• Work to be completed: Drop all images. Then write out each line below exactly as given.

• Dataset excerpt:
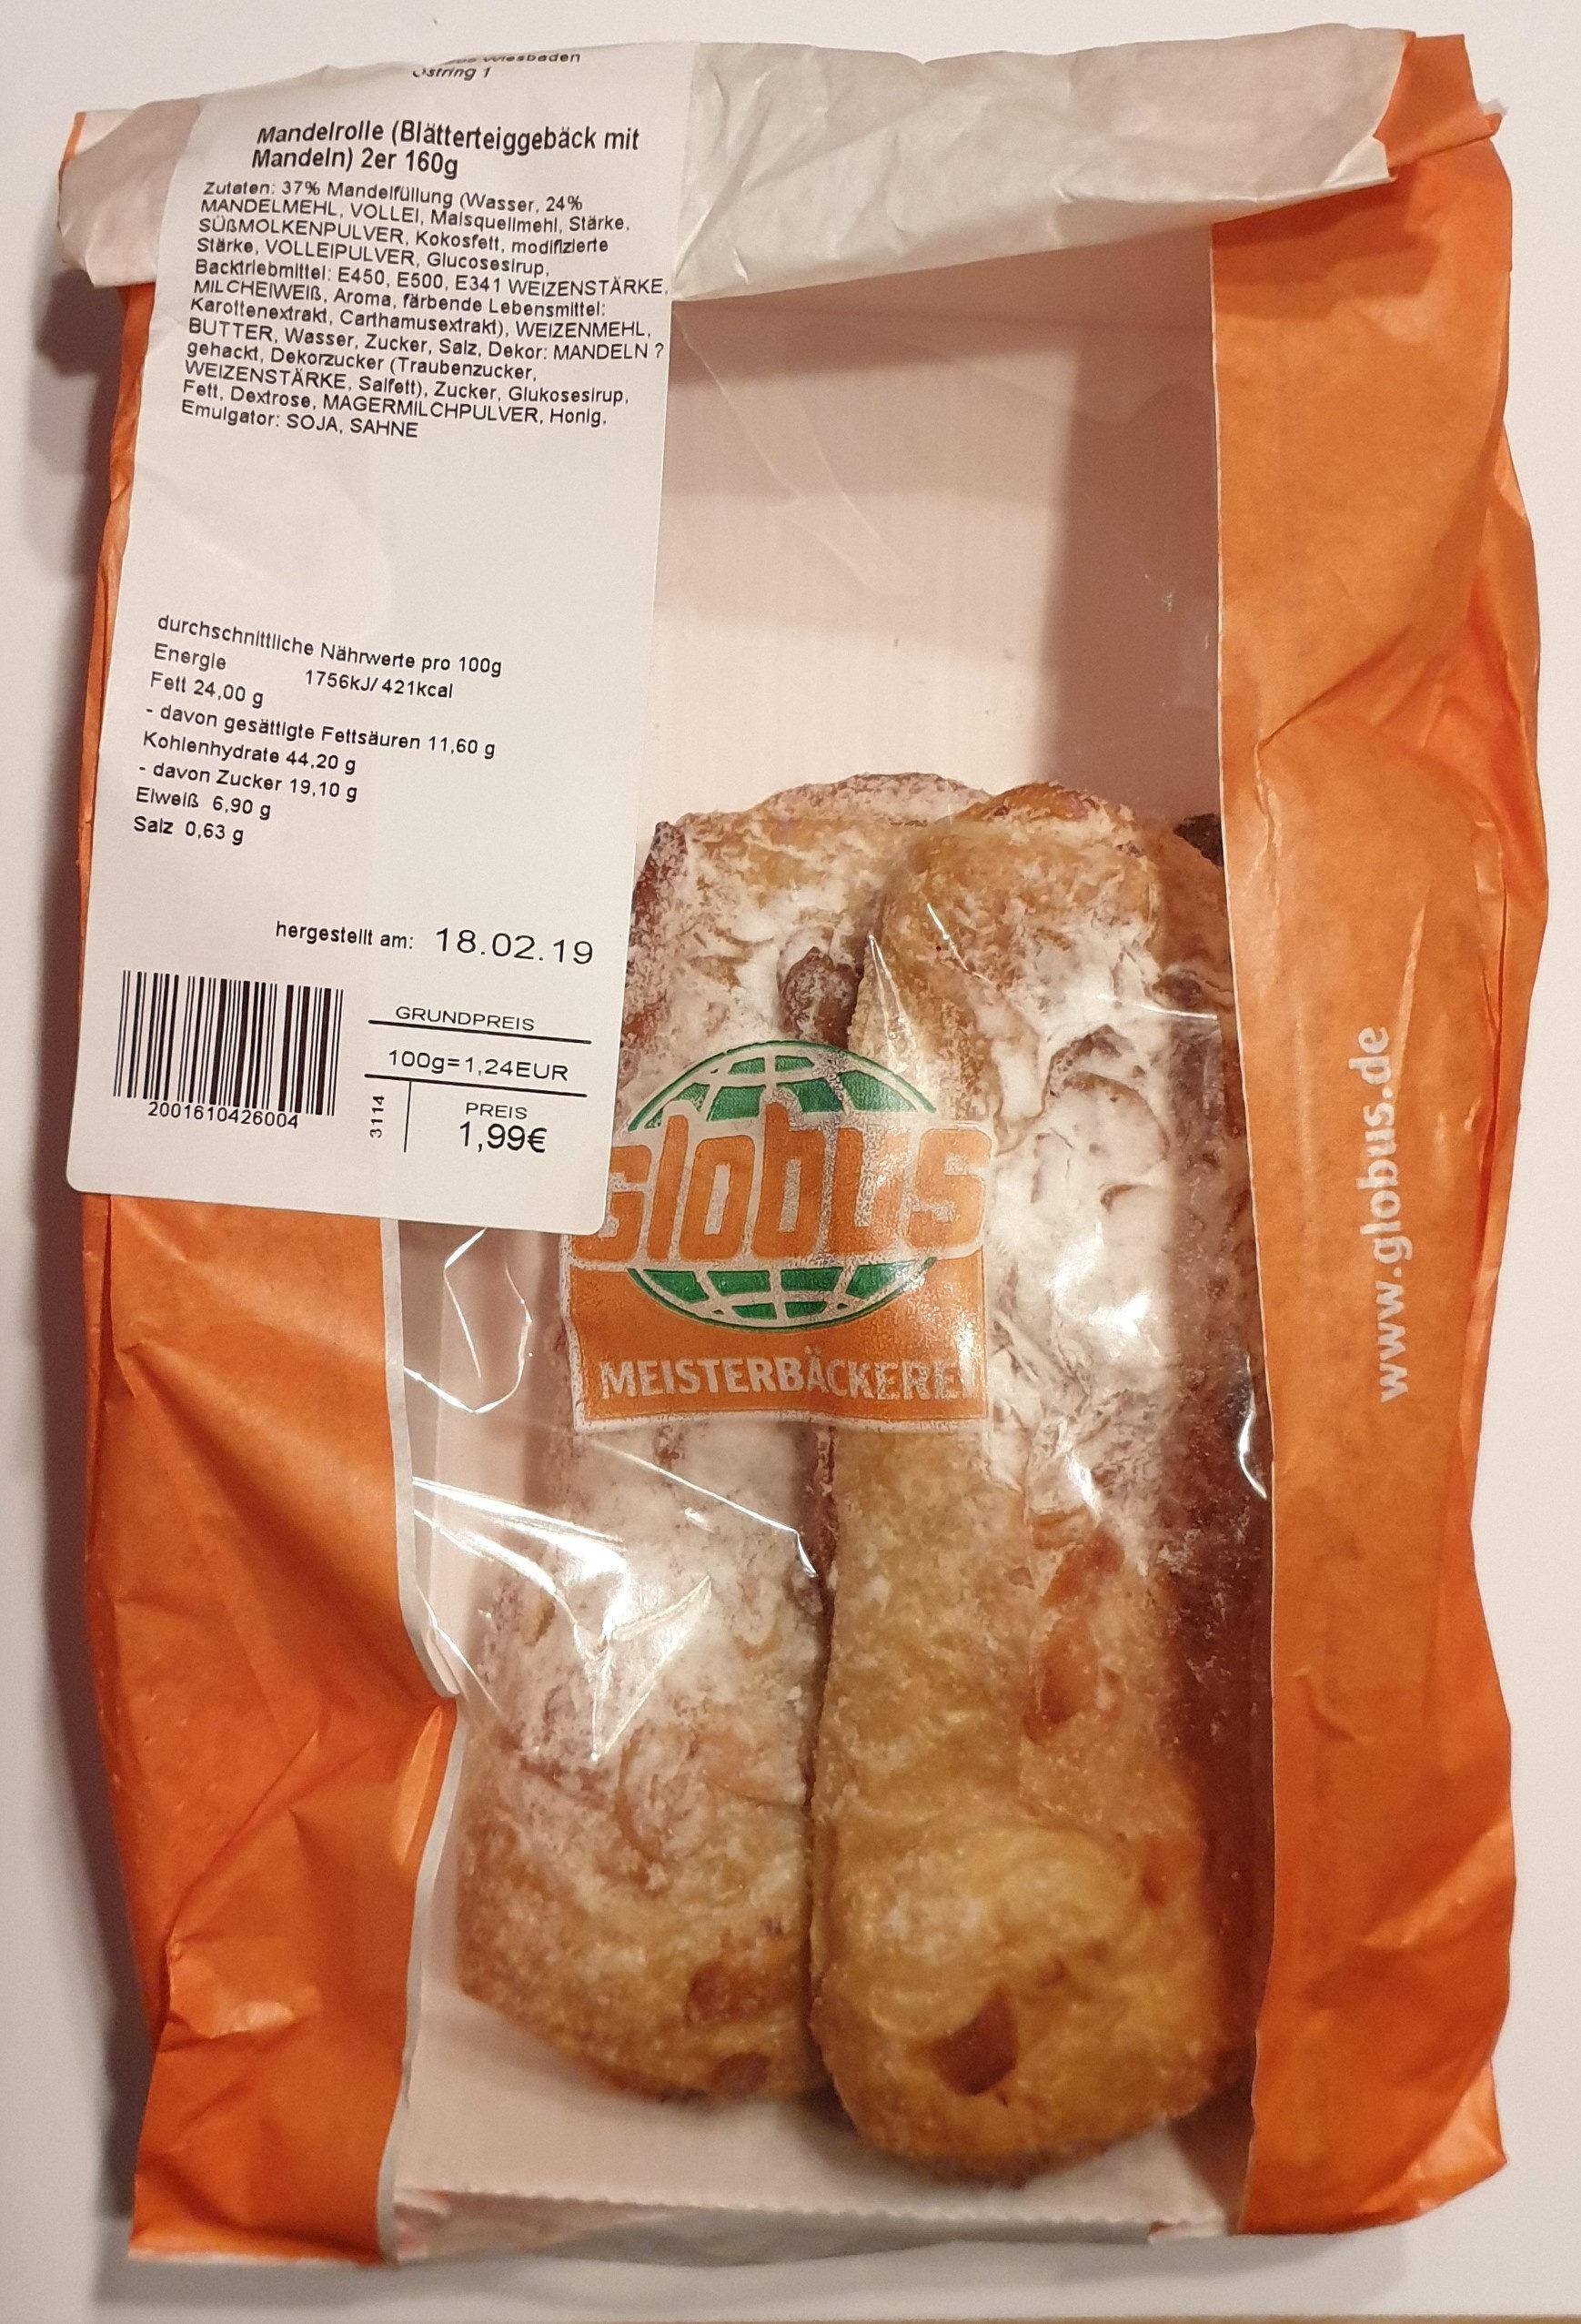 Mandelrolle (Blätterteiggeböck mit Mandeln) - Product - de
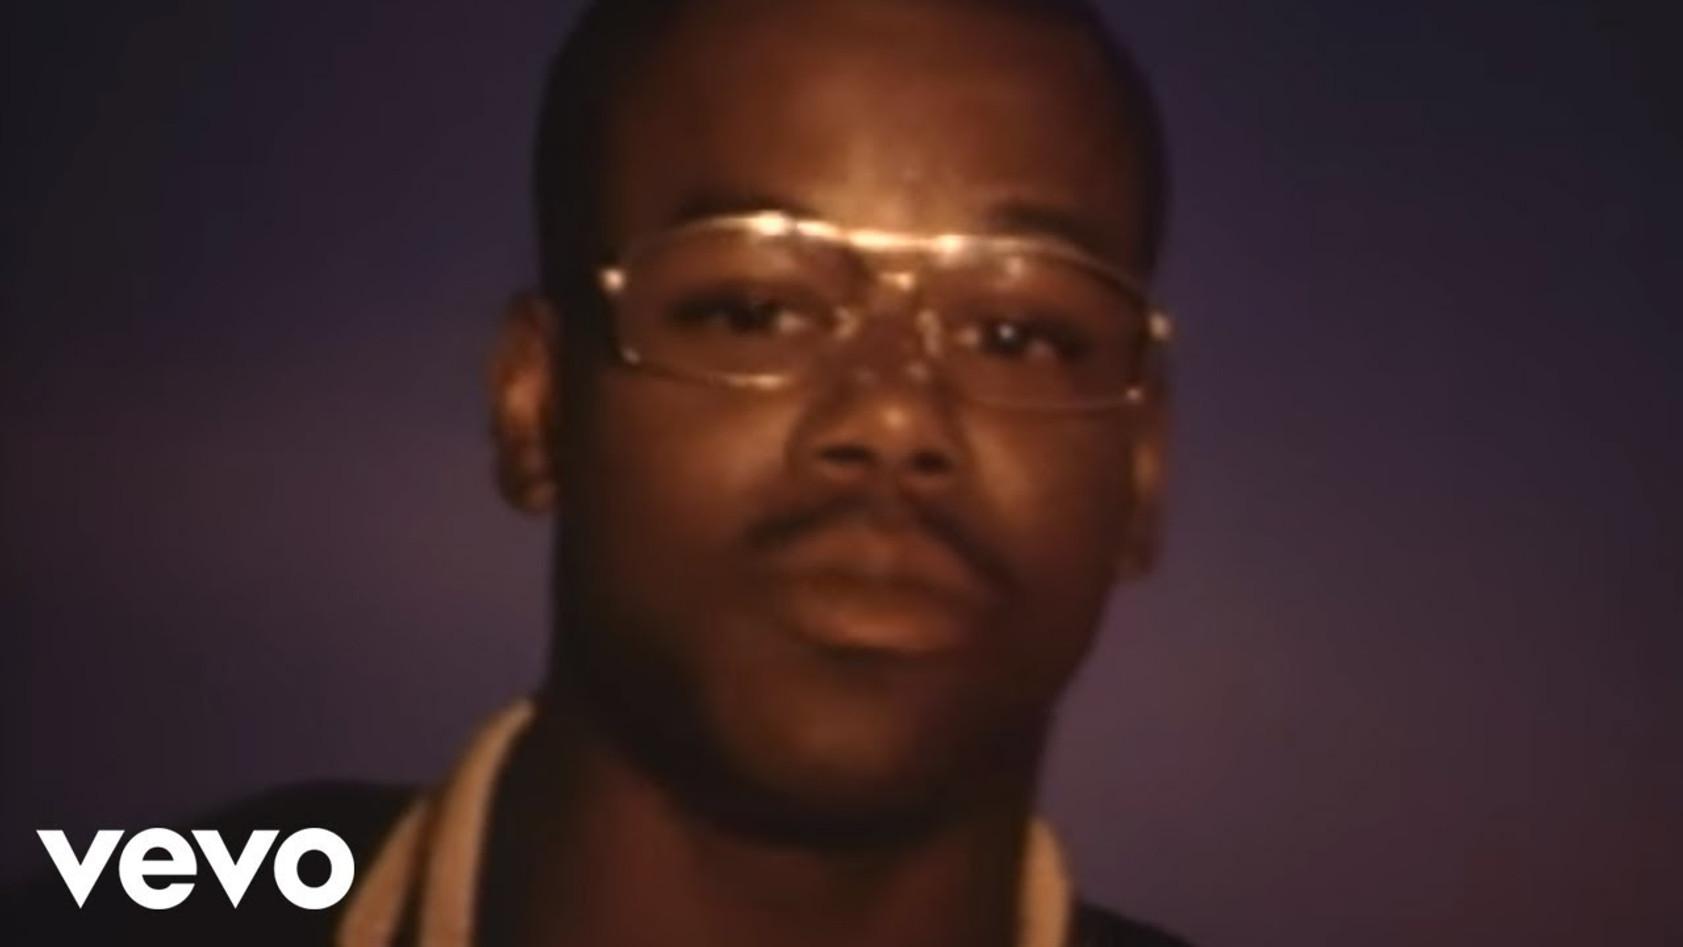 West Coast Hip Hop Bangerz 1990-1995
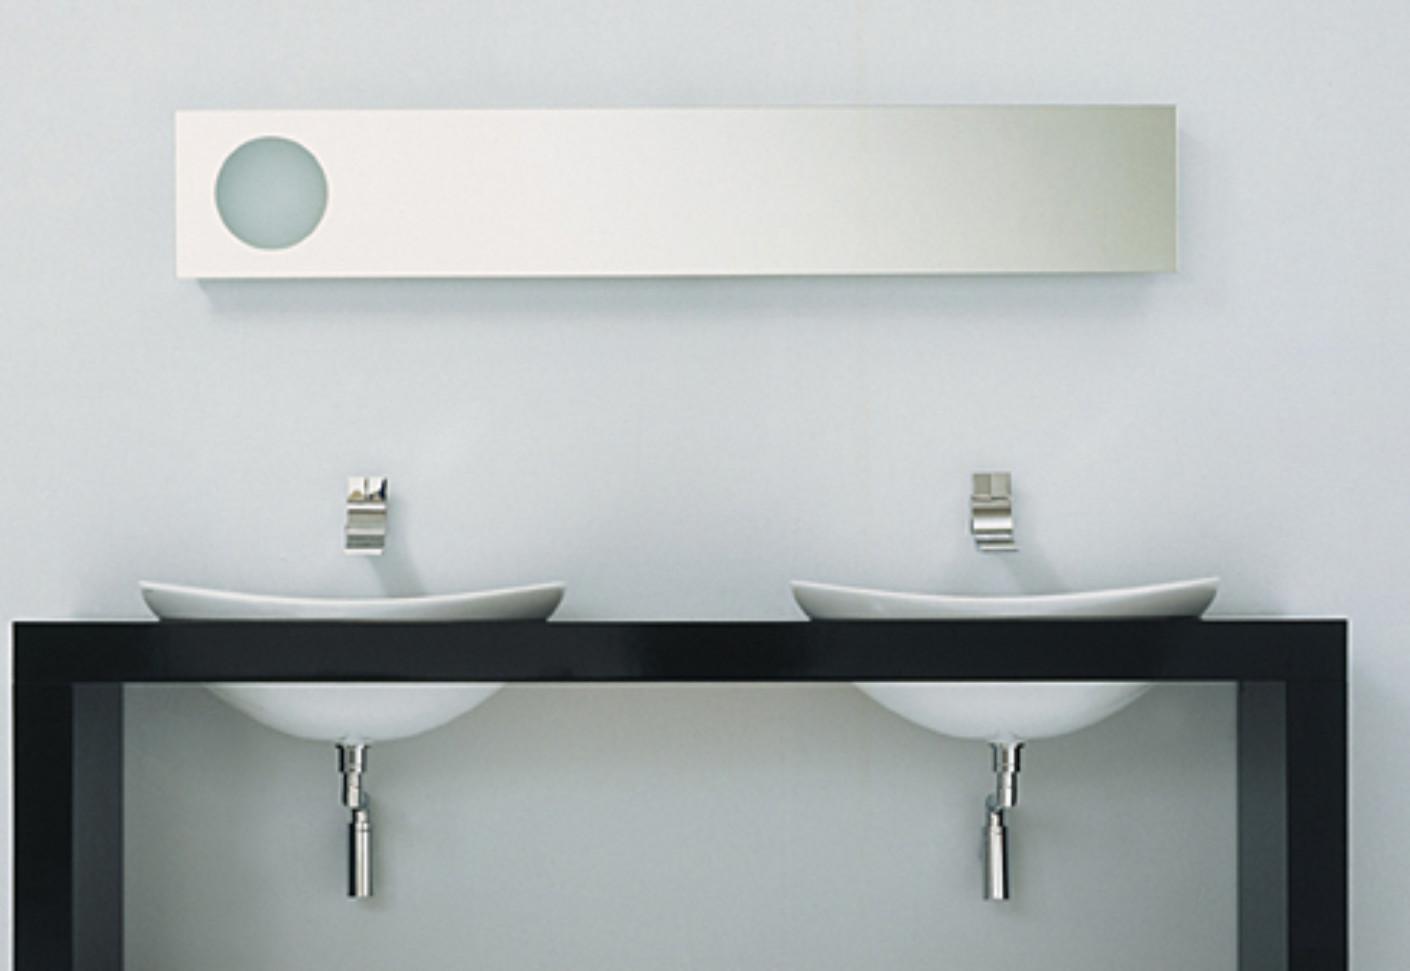 SI wall mounted bath mixer by Ceramica Flaminia | STYLEPARK

• Reply to the exercise:
 Mandelrolle (Blätterteiggeböck mit Mandeln) - Product - de
 West Coast Hip Hop Bangerz 1990-1995
 SI wall mounted bath mixer by Ceramica Flaminia | STYLEPARK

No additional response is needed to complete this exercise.